- _Data_:
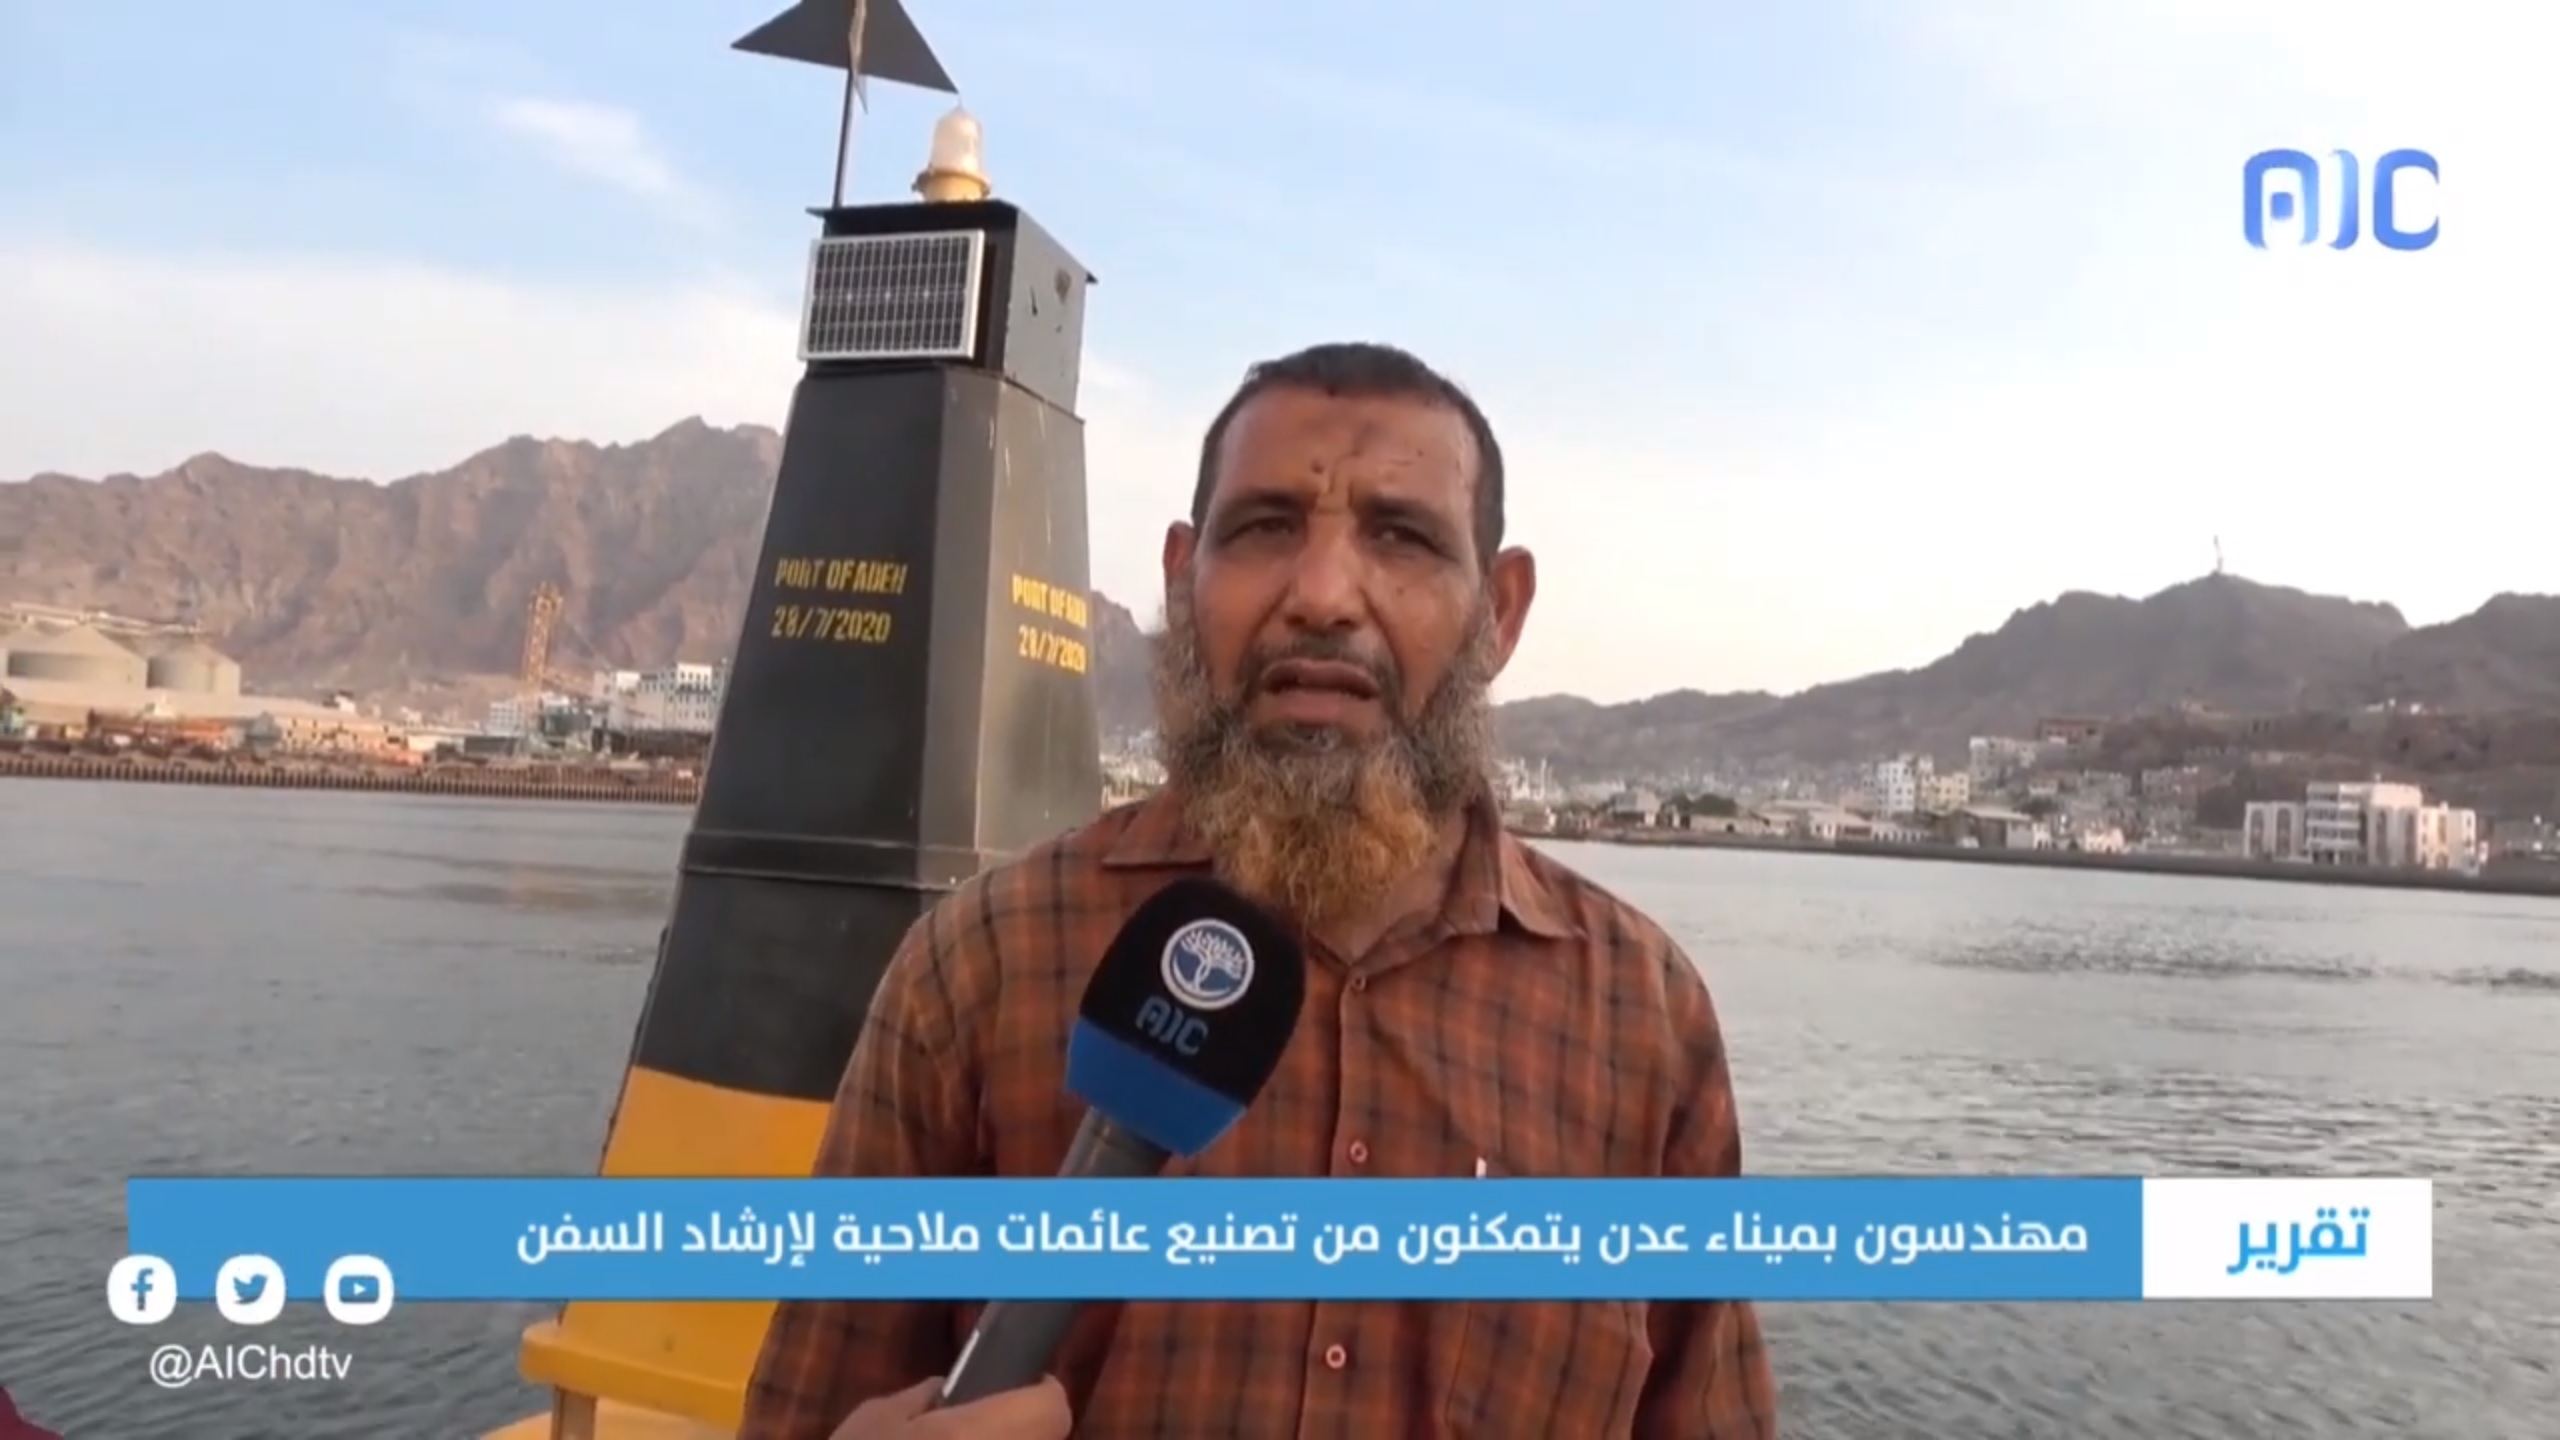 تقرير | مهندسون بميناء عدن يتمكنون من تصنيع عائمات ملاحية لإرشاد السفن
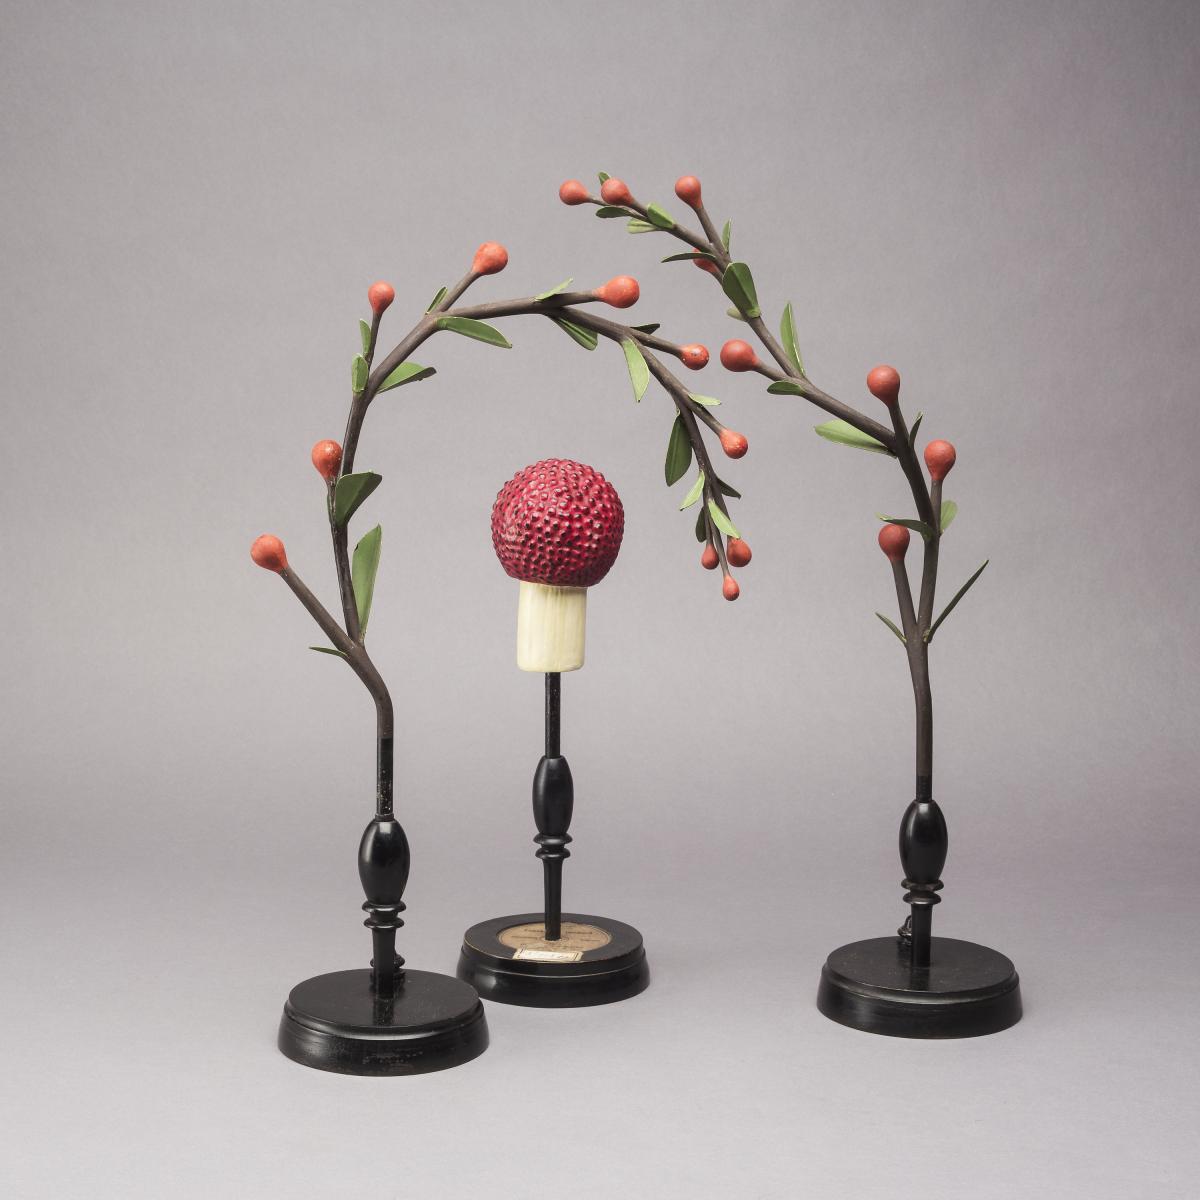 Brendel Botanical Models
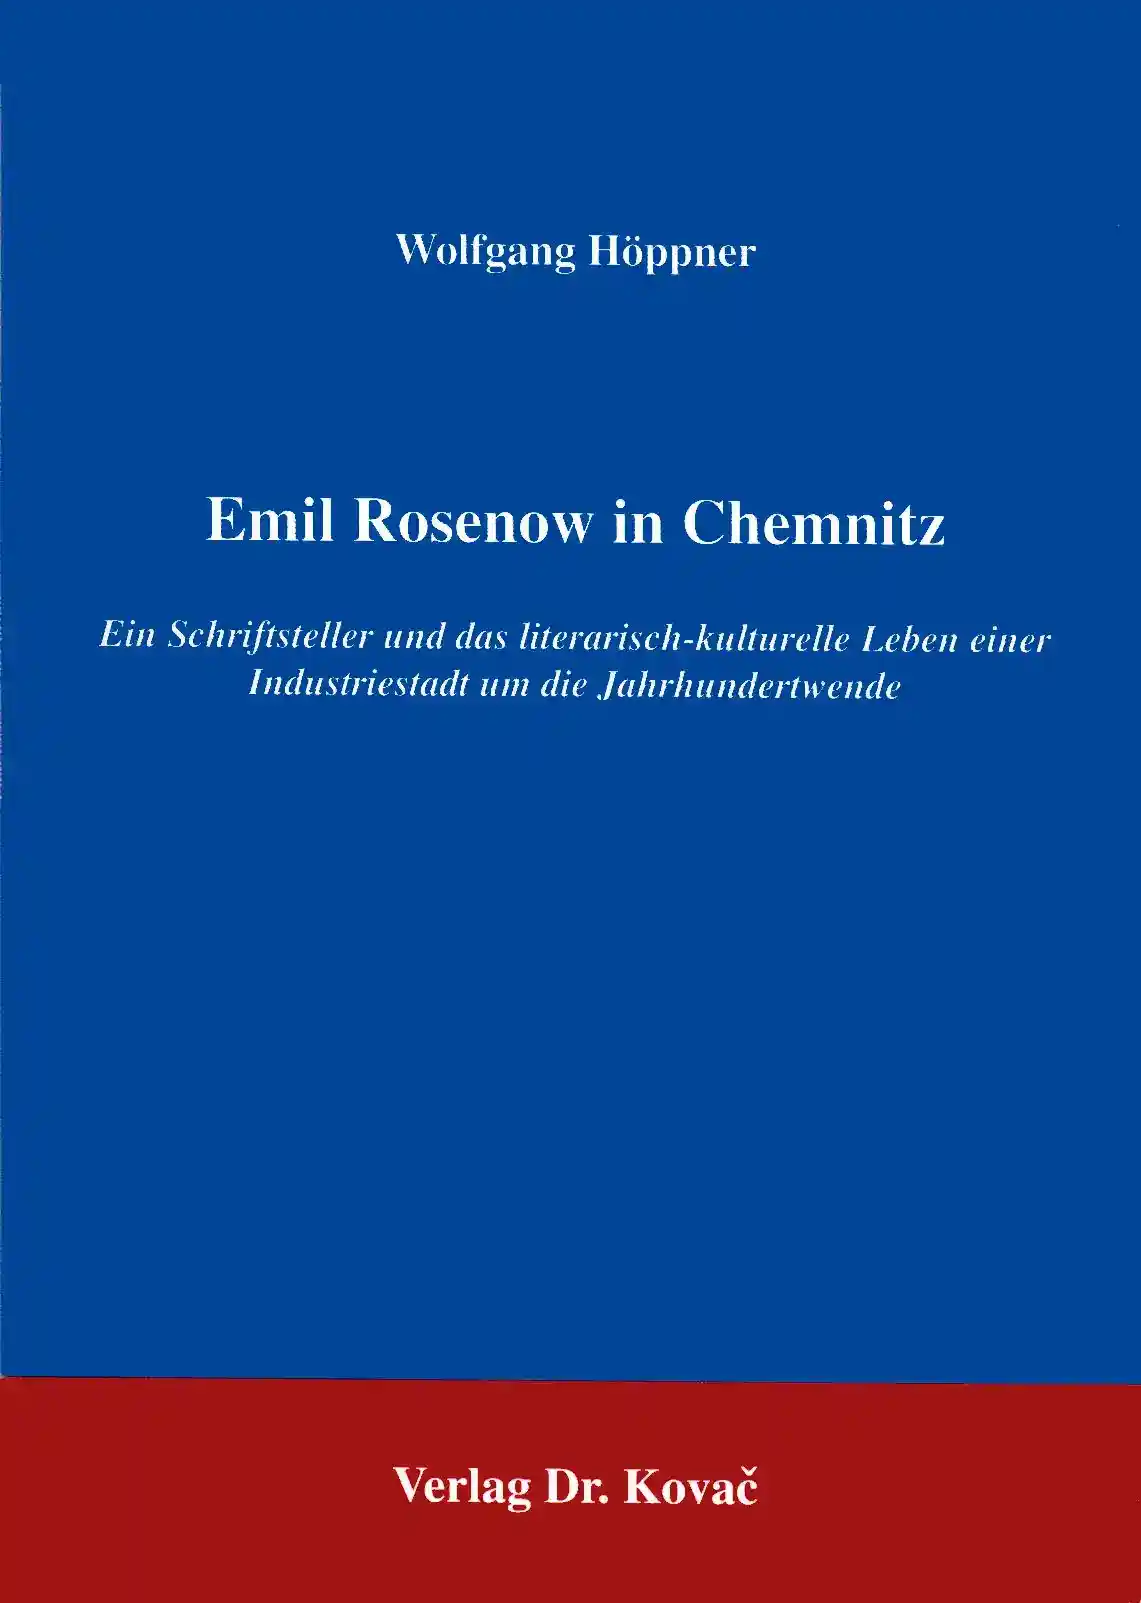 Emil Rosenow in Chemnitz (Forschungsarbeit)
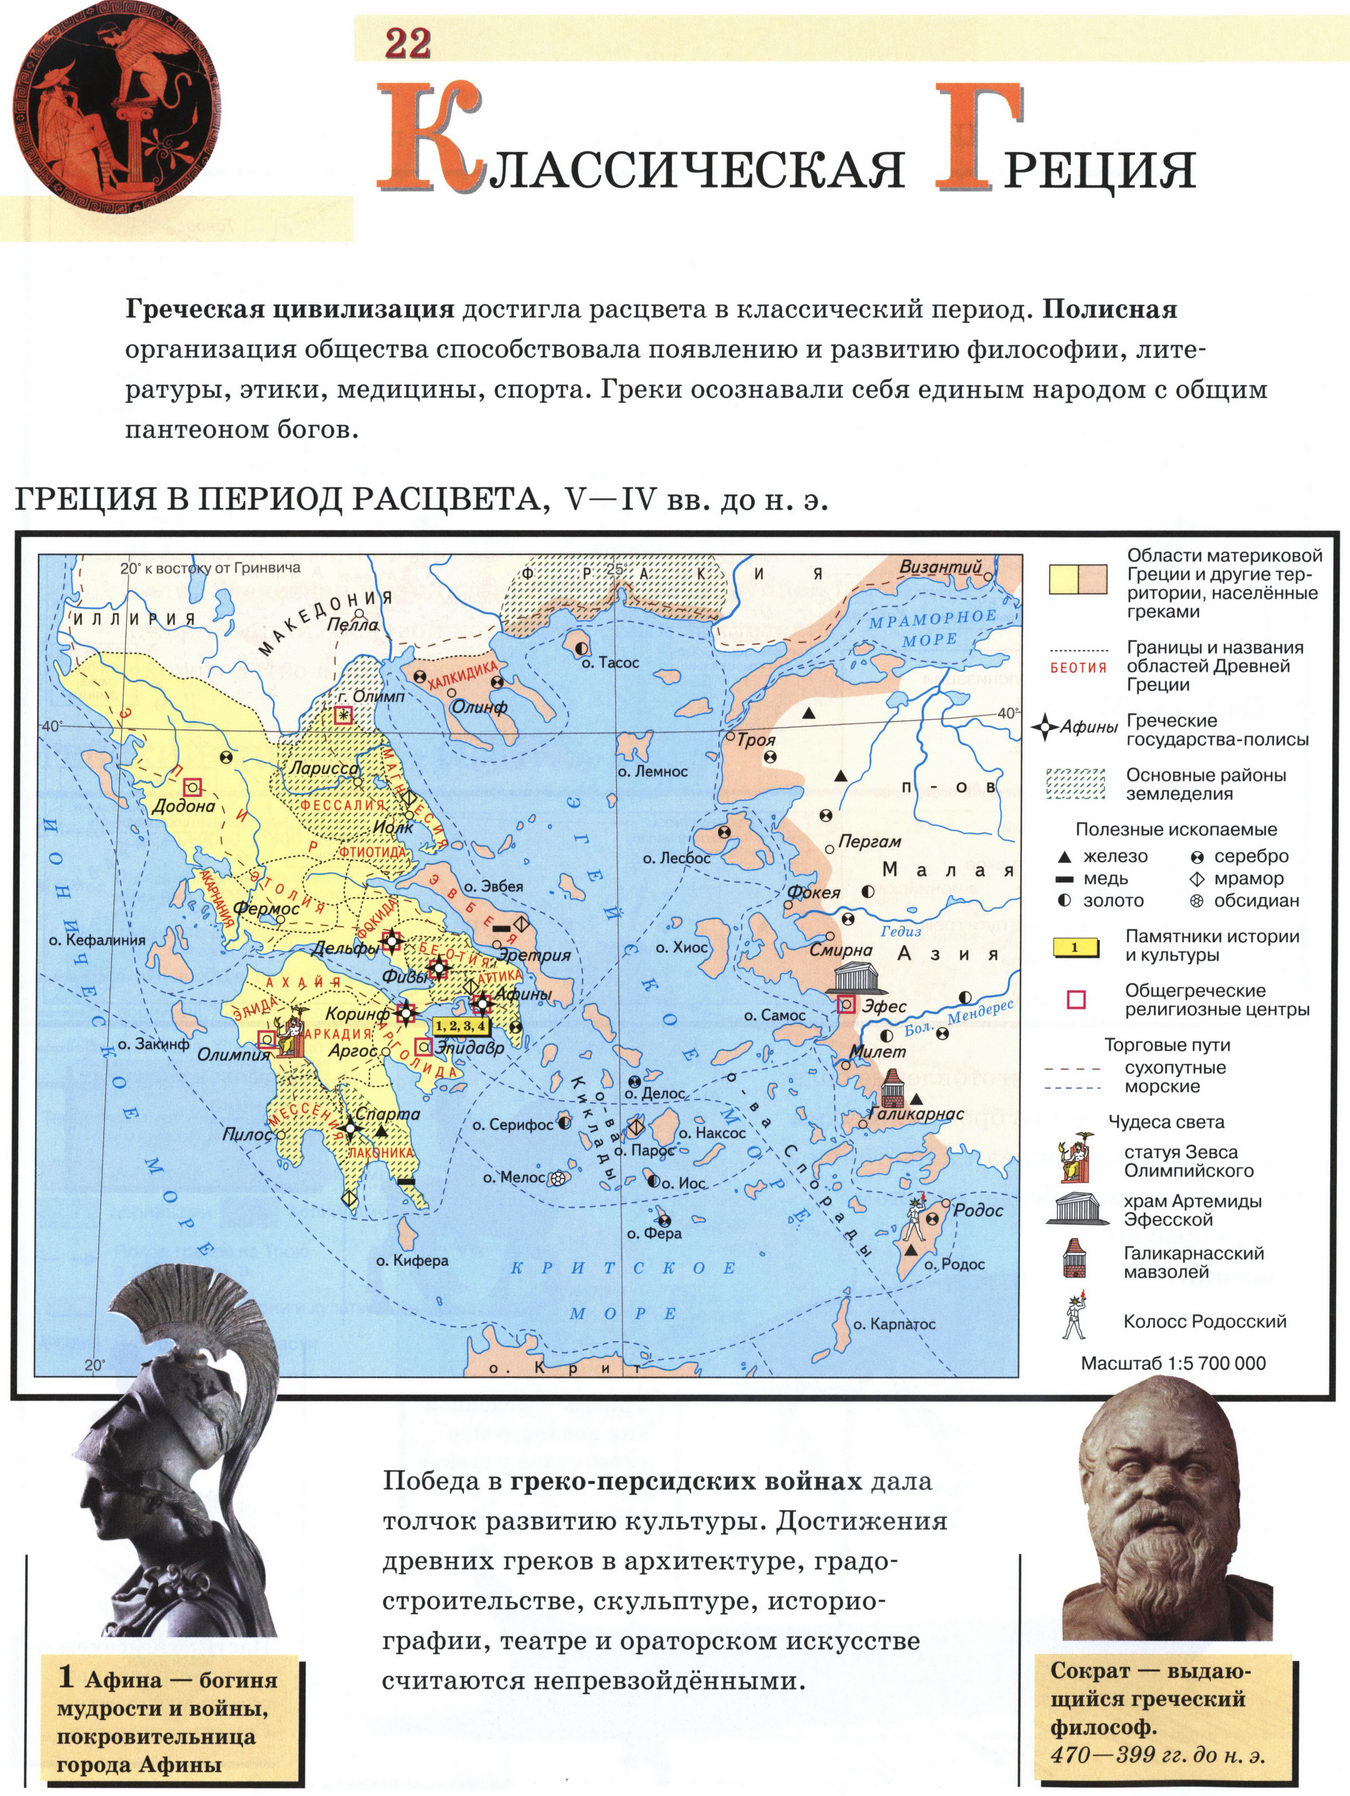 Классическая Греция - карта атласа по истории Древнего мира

- _Problem statement_: Word-for-word transcript, pictures excluded: copy all the material above.

- _Output_:
 تقرير | مهندسون بميناء عدن يتمكنون من تصنيع عائمات ملاحية لإرشاد السفن
 Brendel Botanical Models
 Emil Rosenow in Chemnitz (Forschungsarbeit)
 Классическая Греция - карта атласа по истории Древнего мира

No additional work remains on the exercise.